I have an SSH.py with the goal of connecting to many servers over SSH to run a Python script (worker.py). I am using Paramiko, but am very new to it and learning as I go. On each server I ssh over with, I need to keep the Python script running -- this is for training a model parallely and so the script needs to run on all machines as to update model parameters/train jointly. The Python script on the servers need to be running so either all the SSH connections cannot close or I have to figure out a way for the Python script on the servers to keep running even if I close the connection.
From extensive googling, it looks like you can achieve this with nohup or:
client = paramiko.SSHClient()
client.connect(ip_address, username, password)
transport = client.get_transport()
channel = transport.open_session()
channel.exec_command("python worker.py > /logs/'command output' 2>&1")
However, what is unclear to me is how do we close/exit all SSH connections? I am running the SSH.py file on cmd.exe, would closing the cmd.exe be enough for all processes remotely to close?
In addition, is my use of client.close() correct for my purposes?
Please see below what I have for my code.
# SSH.py
import paramiko
import argparse
import os
path = "path"
python_script = "worker.py"
# definitions for ssh connection and cluster
ip_list = ['XXX.XXX.XXX.XXX', XXX.XXX.XXX.XXX', XXX.XXX.XXX.XXX']

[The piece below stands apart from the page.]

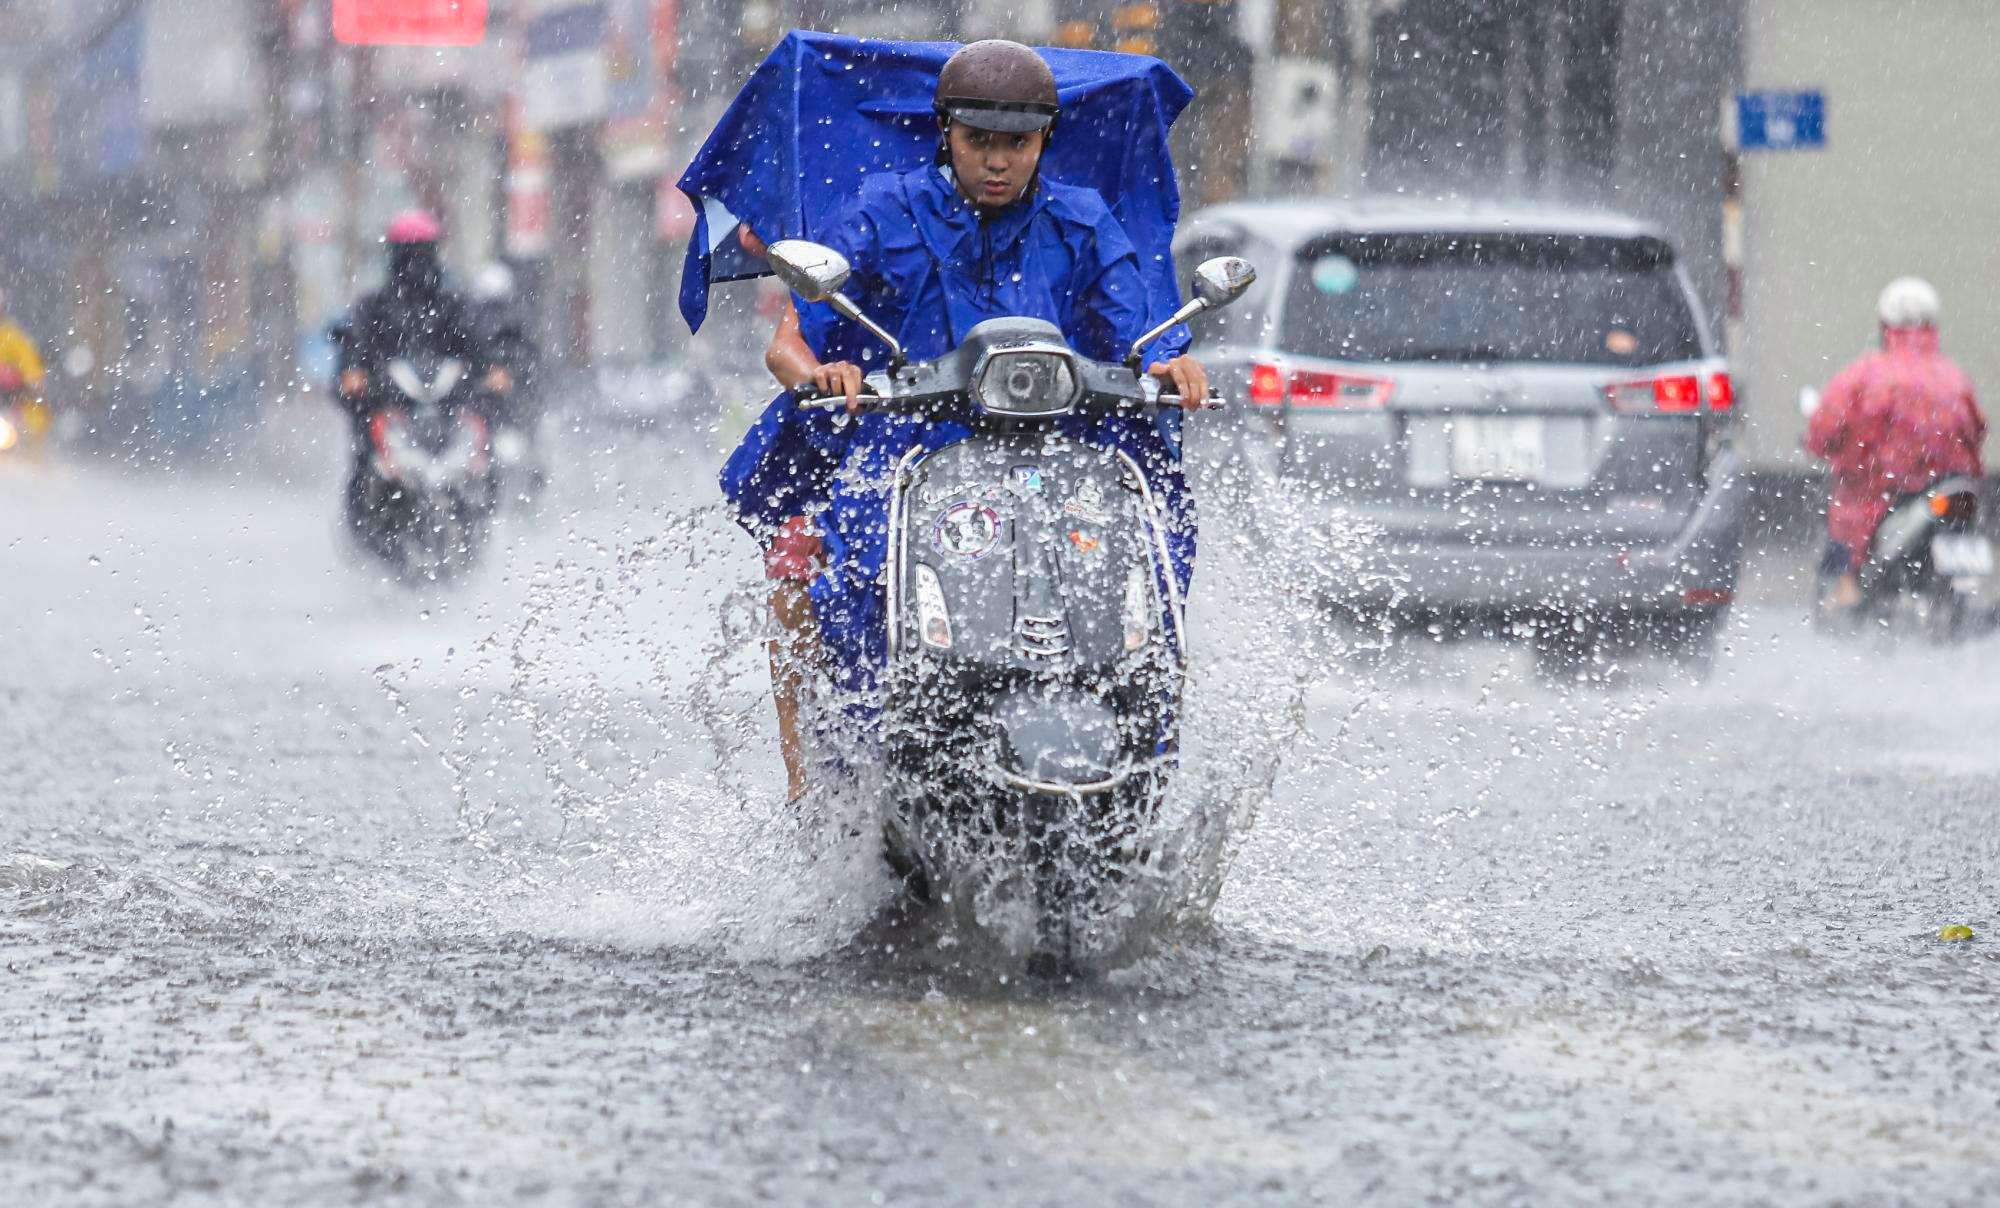 [ẢNH] Nước chảy xiết kéo nhiều xe máy đổ nhào giữa phố Sài Gòn, người dân dắt bộ cho an toàn - Ảnh 1.
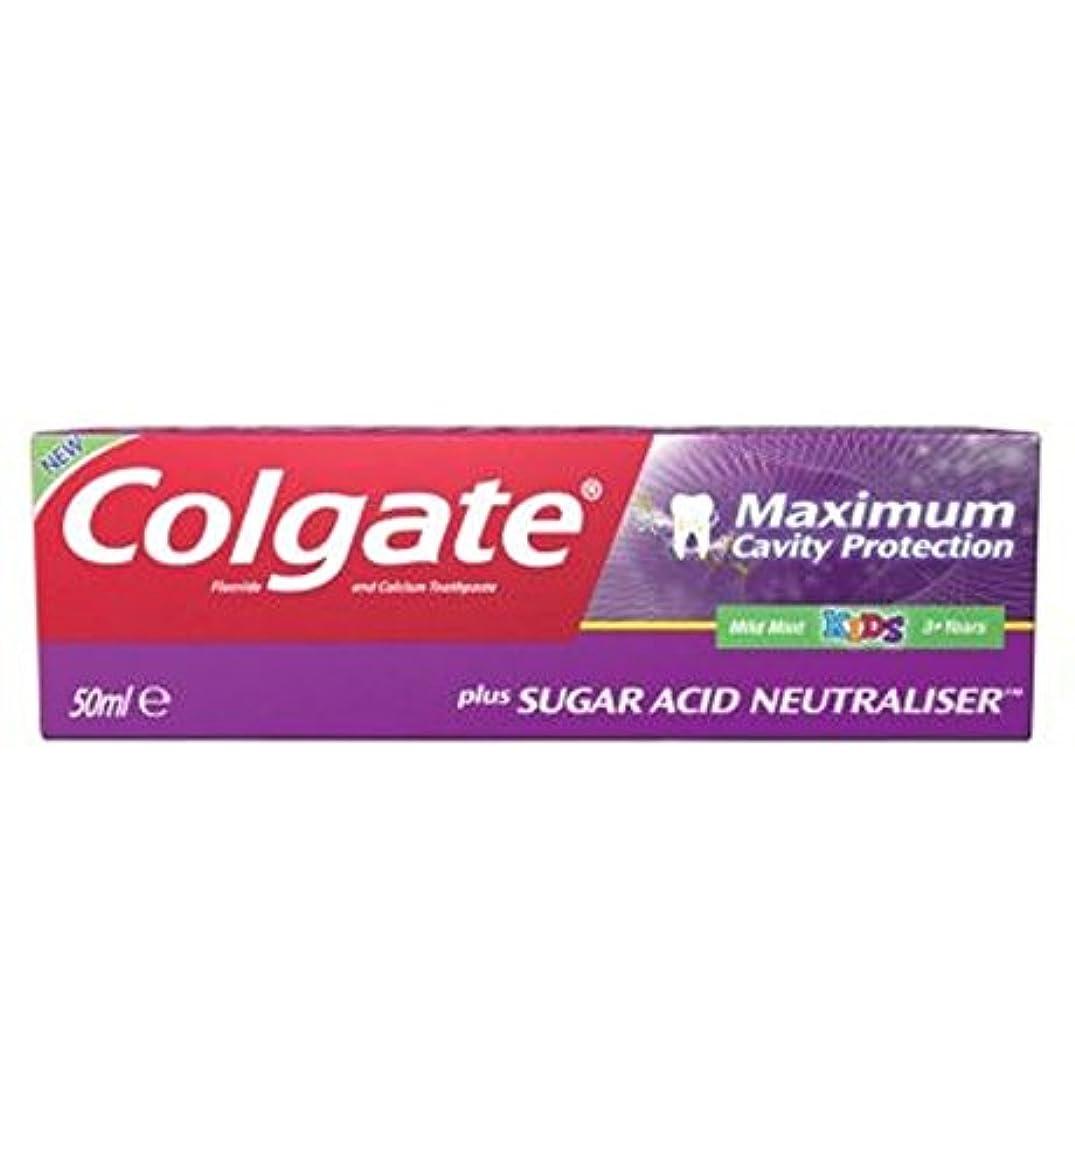 暗殺人種変位コルゲート最大空洞の保護に加えて、糖酸中和剤の子供の歯磨き粉50ミリリットル (Colgate) (x2) - Colgate Maximum Cavity Protection plus Sugar Acid Neutraliser...

port_list = [':XXXX', ':XXXX', ':XXXX']
user_list = ['user', 'user', 'user']
password_list = ['pass', 'pass', 'pass']
node_list = list(map(lambda x: f'-node{x + 1} ', list(range(len(ip_list)))))
cluster = ' '.join([node + ip + port for node, ip, port in zip(node_list, ip_list, port_list)])
# run script on command line of local machine
os.system(f"cd {path} && python {python_script} {cluster} -type worker -index 0 -batch 64 > {path}/logs/'command output'/{ip_list[0]}.log 2>&1")
# loop for IP and password
for i, (ip, user, password) in enumerate(zip(ip_list[1:], user_list[1:], password_list[1:]), 1):
try:
print("Open session in: " + ip + "...")
client = paramiko.SSHClient()
client.connect(ip, user, password)
transport = client.get_transport()
channel = transport.open_session()
except paramiko.SSHException:
print("Connection Failed")
quit()
try:
channel.exec_command(f"cd {path} && python {python_script} {cluster} -type worker -index {i} -batch 64 > {path}/logs/'command output'/{ip_list[i]}.log 2>&1", timeout=30)
client.close() # here I am closing connection but above command should be running, my question is can I safely close cmd.exe on which I am running SSH.py?
except paramiko.SSHException:
print("Cannot run file. Continue with other IPs in list...")
client.close()
continue
The code is based on Running process of remote SSH server in the background using Python Paramiko
Edit: It seems like the channel.exec_command() is not executing the command
f"cd {path} && python {python_script} {cluster} -type worker -index {i} -batch 64 > {path}/logs/'command output'/{ip_list[i]}.log 2>&1"
So I wonder if it is because of client.close()? What would happen if I comment out all the lines with client.close()? Would this help? Is this dangerous? When I quit my local Python script, would this close all my SSH connections and hence, no need for client.close()?
Also all my machines have Windows OS.